Is this a good practice? $facet

Jgam_N_A · September 16, 2022, 1:07am

I have a question about an interesting use that i found for the $facet pipe and since i haven’t found something similar on any place i wanted to ask if this may have any problems or if there is a better way to achieve the same goal.

To give some context to the example lets imagine we have two collections with a many-to-many relationship at a mongodb database:

1 a collection of persons with name, email and an array of courses to keep it simple.
2 a collection of courses with tags and an array of persons

What i need to do is to create this many-to-many relationship between many documents at the same time without having the _id, i only have two arrays of objects (working with javascript) each element of these arrays is a filter (email filter for persons and tags for courses) that i must use to match the document (or documents) that will need to stablish a link with the ones matching the other array.

of course this example is simplified and in the real problem some fields in the filters can change in the future and cant be used as ids to stablish a relationship.

The “easy” and “step-by-step” way to achieve this is:

db.getCollection("persons").find({ personFilter0 });
db.getCollection("courses").find({ courseFilter0 });

and then use the results to create the relationships with a bulkWrite.

The “problem” is that i need to do this for many documents at the same time, the arrays may have a size of 100k+ so i dont see it so “useful” to make so many trips to the database just to find which documents should be matched.

So instead i asked myself if there is a way to do something like a “bulkFind” with many find operations returning each set of matched documents or an empty array if none match. (if something like that can be done with something different than $facet please show me an example).

Since i’m currently addicted to use aggregate (not a joke) i think that every problem can be solved with it so i came with an idea of using $facet, where each stage will have the index of the array as key and make use of $match as shown below:

theAggregatePipeline = [
  {
    $facet: {
      0: [
        {  $match:  personFilters0 },
        {  $group: { _id: null, { persons: { $push: "$_id" } } } },
        {
          $lookup: {
            from: "courses",
            pipeline: [
              { $match: courseFilters0 },
              { $project: { _id: 1 } }
            ],
            as: "courses"
          }
        }
      ],
      1: index 1 pipeline...,
      n: index n pipeline...
    }
  }
]

This will give me the _id (or more fields if i need for the relationship) and keep them in the same dictionary key so it will be easy to build the bulkWrite operations later (this can also be done in each collection without the $lookup since it is expensive and to keep the work of each search to a single repository).
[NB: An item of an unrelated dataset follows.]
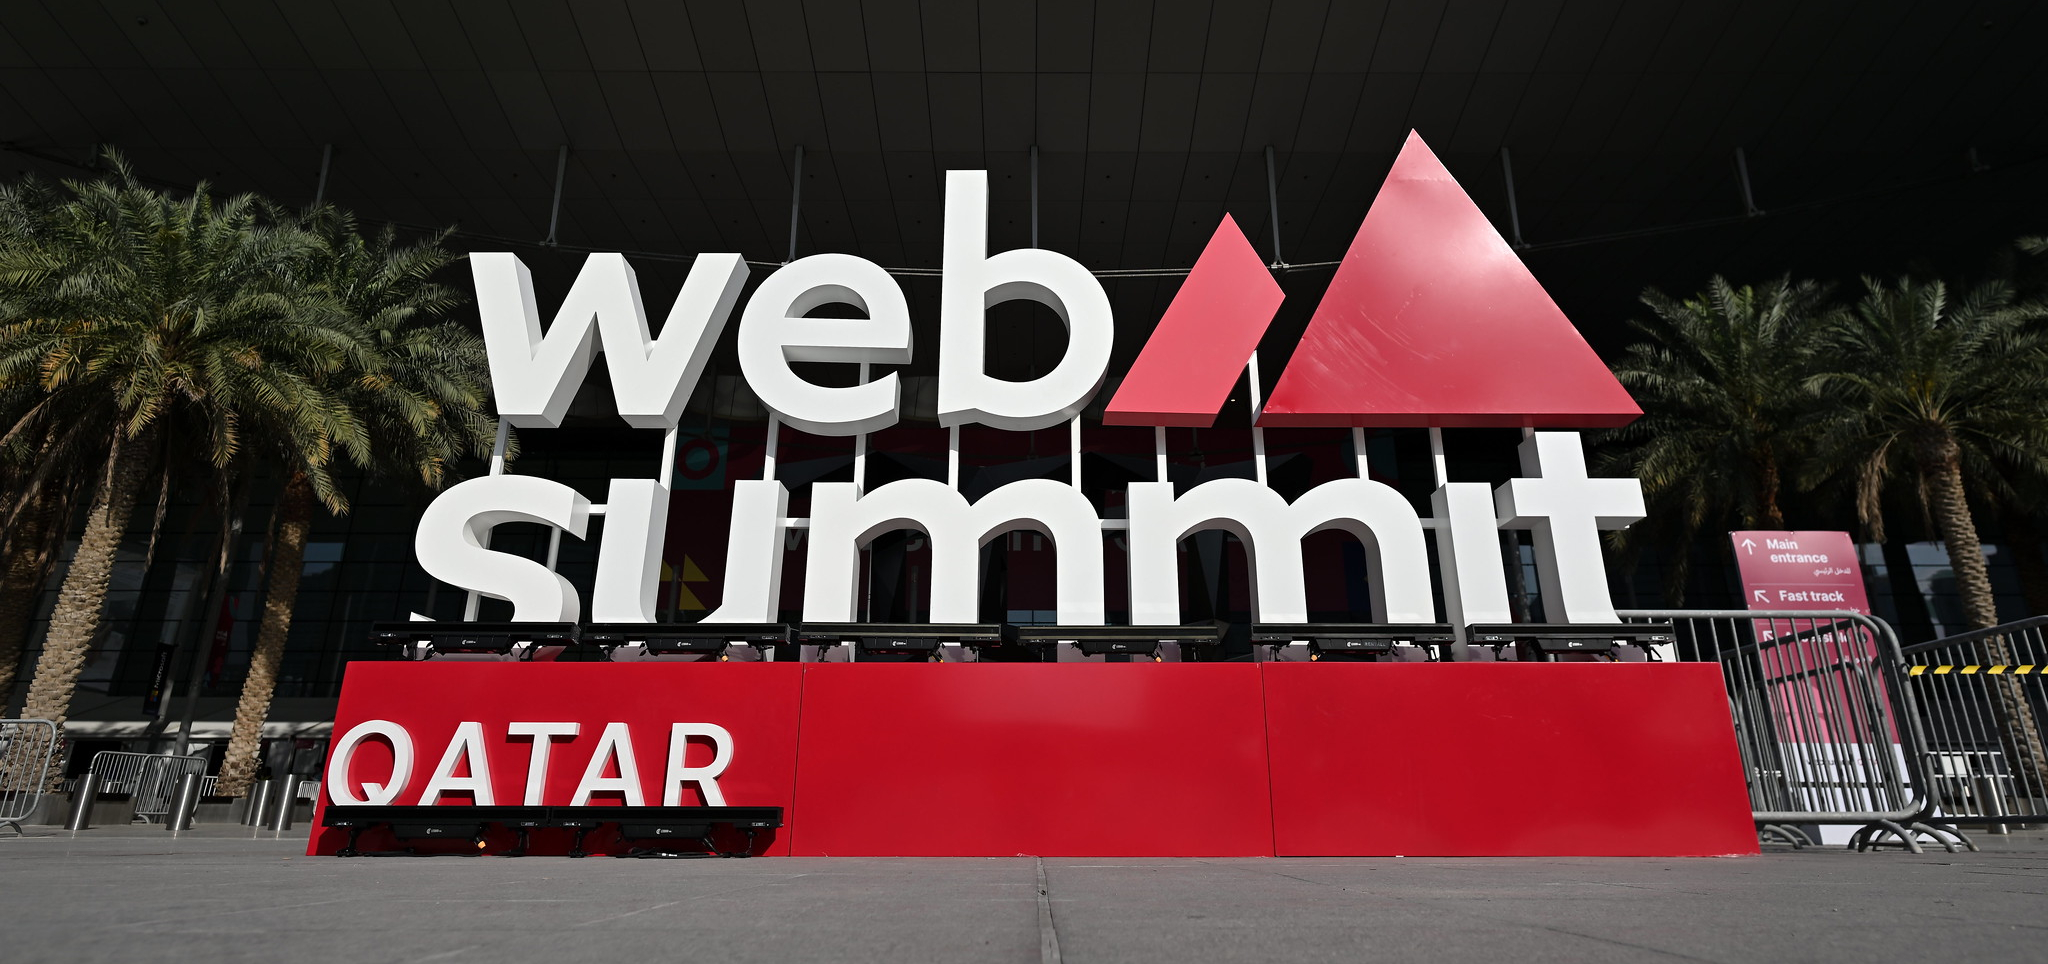 A large sign in the shape of the Web Summit Qatar logo. Behind the sign are a number of palm trees, standing in front of a modern conference centre. There are no clouds in the sky.

So… is this a good way to use $facet? since the aggregate returns a single document and this is mainly used to create “categories” or “individual results” (maybe of $group operations with counts) I don’t know if it will be easier to hit a cap in memory with this approach.

And, is there anything else that would give the same result?

I’m also open to answers like “Man do it the simple way since it will be easier to implement X and Y in your backend in the future.” and “don’t worry to much about it backend developers shouldn’t care about bandwidth usage”.

Thanks in advance for reading and if you find this useful for something you have to do you’re welcome.